Como hay tanta angustia personal, infelicidad y sufrimiento mental y físico en el mundo, muchas personas se preguntan a menudo cómo podrían cambiar personalmente para encontrar la felicidad, la satisfacción o algo que se les escapa. O incluso cómo cambiar a otras personas, como si esa arrogante ilusión pudiera funcionar alguna vez.

Esta cuestión del cambio personal significativo suele plantearse en el contexto de estrictos análisis psicológicos. Esto es muy común y es un hábito mental que se fortalece con los años. Las personas se reducen a su educación familiar y a sus relaciones personales, mientras que la historia social que han vivido se descarta como irrelevante.

Estados Unidos es en gran medida una sociedad psicológica. Los análisis sociológicos e históricos se consideran insignificantes para la identidad de las personas. Es como si la economía, la política, la cultura y la propaganda no tuvieran importancia.

Sí, a menudo se admite que las circunstancias, como la enfermedad, la muerte, el divorcio, el desempleo, etc. afectan a las personas, pero tales circunstancias no se consideran centrales para lo que son las personas y en lo que se convierten. Estas cuestiones rara vez se ven contextualmente, ni se establecen conexiones. Se consideran irrelevantes, a pesar de que siempre están relacionados con cuestiones sociales más amplias: que la biografía y la historia están entrelazadas.

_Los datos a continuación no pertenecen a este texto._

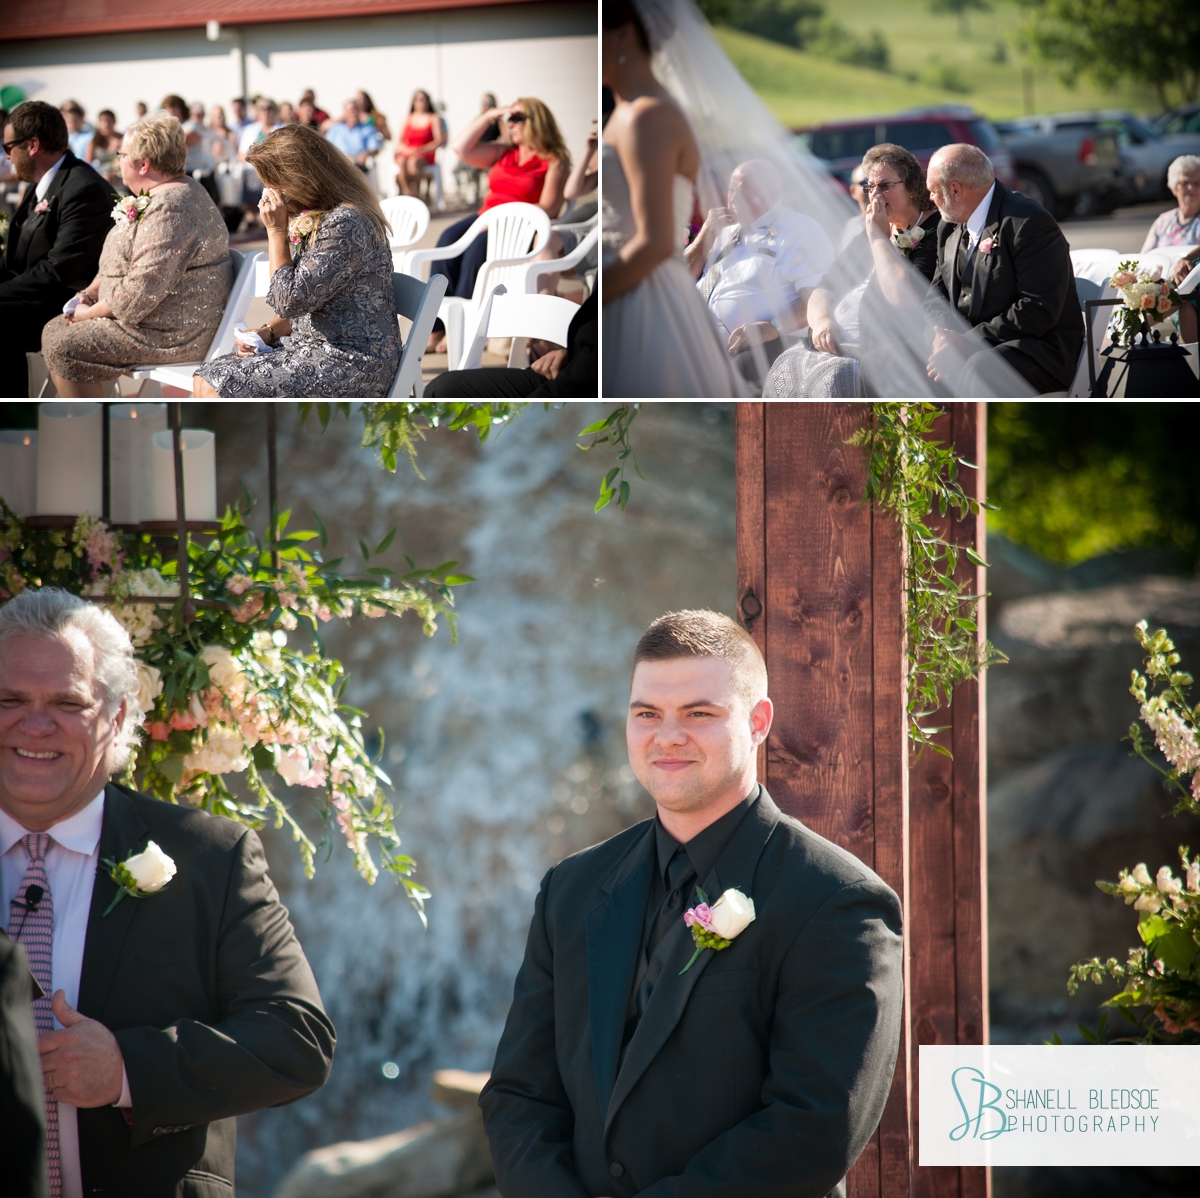 Waterfall wedding ceremony at The Stables in LaFollette, TN

Al escribir sobre lo que denominó la imaginación sociológica, C. Wright Mills lo expresó claramente cuando la describió como:

«La idea de que el individuo puede comprender su propia experiencia y calibrar su propio destino sólo situándose dentro de su época, que puede conocer sus propias oportunidades en la vida sólo tomando conciencia de las de todos los individuos en sus circunstancias. En muchos sentidos es una lección terrible; en otros, magnífica».

Sin aprenderlo, uno no puede saber quién es ni en quién podría convertirse si decidiera cambiar y no se dejara llevar simplemente por los vientos del destino.

Ahora vivimos en un mundo digital en el que la extraña naturaleza de la información es el gran juego. Extraña porque la mayoría de la gente no puede comprender su misterioso poder sobre sus mentes.

Lo que era cierto en 1953 cuando Ray Bradbury escribió las siguientes palabras en Fahrenheit 451, es exponencialmente más cierto hoy:

«Atiborrarlos de datos incombustibles, atiborrarlos tan condenadamente de ‘hechos’ que se sientan atiborrados, pero absolutamente ‘brillantes’ de información. Entonces sentirán que están pensando, tendrán una sensación de movimiento sin moverse… No les des cosas resbaladizas como filosofía o sociología para atar las cosas. Por ahí va la melancolía.»

Que todo es ruido, todo es sensación – no hay silencio. Que impide la reflexión profunda, creando el hábito del desconcierto mental que está en consonancia con la enajenación mental de los informativos las 24 horas del día, los 7 días de la semana, de los grandes medios de comunicación.

Cuando casi todo lo que oyes es mentira, apenas puedes mantener la cordura.

Estos trozos de cebo están esparcidos por el suelo de la mente, lanzados por un jugador desconocido, el innombrable que viene por la noche a jugar con nosotros. Sus colores inundan la mente, encandilan y deslumbran al ojo. Es tiempo de pantalla en el país de la fantasía.

Las dos películas de éxito de este verano – «Oppenheimer» y «Barbie»-, aunque aparentemente opuestas, son dos caras de esta misma moneda falsa. Espectáculos en «La sociedad del espectáculo», como dijo Guy Debord:

«El espectáculo es una relación social entre personas que está mediada por una acumulación de imágenes que sirven para alejarnos de una vida genuinamente vivida. La imagen es, pues, una mutación histórica de la forma del fetichismo de la mercancía.»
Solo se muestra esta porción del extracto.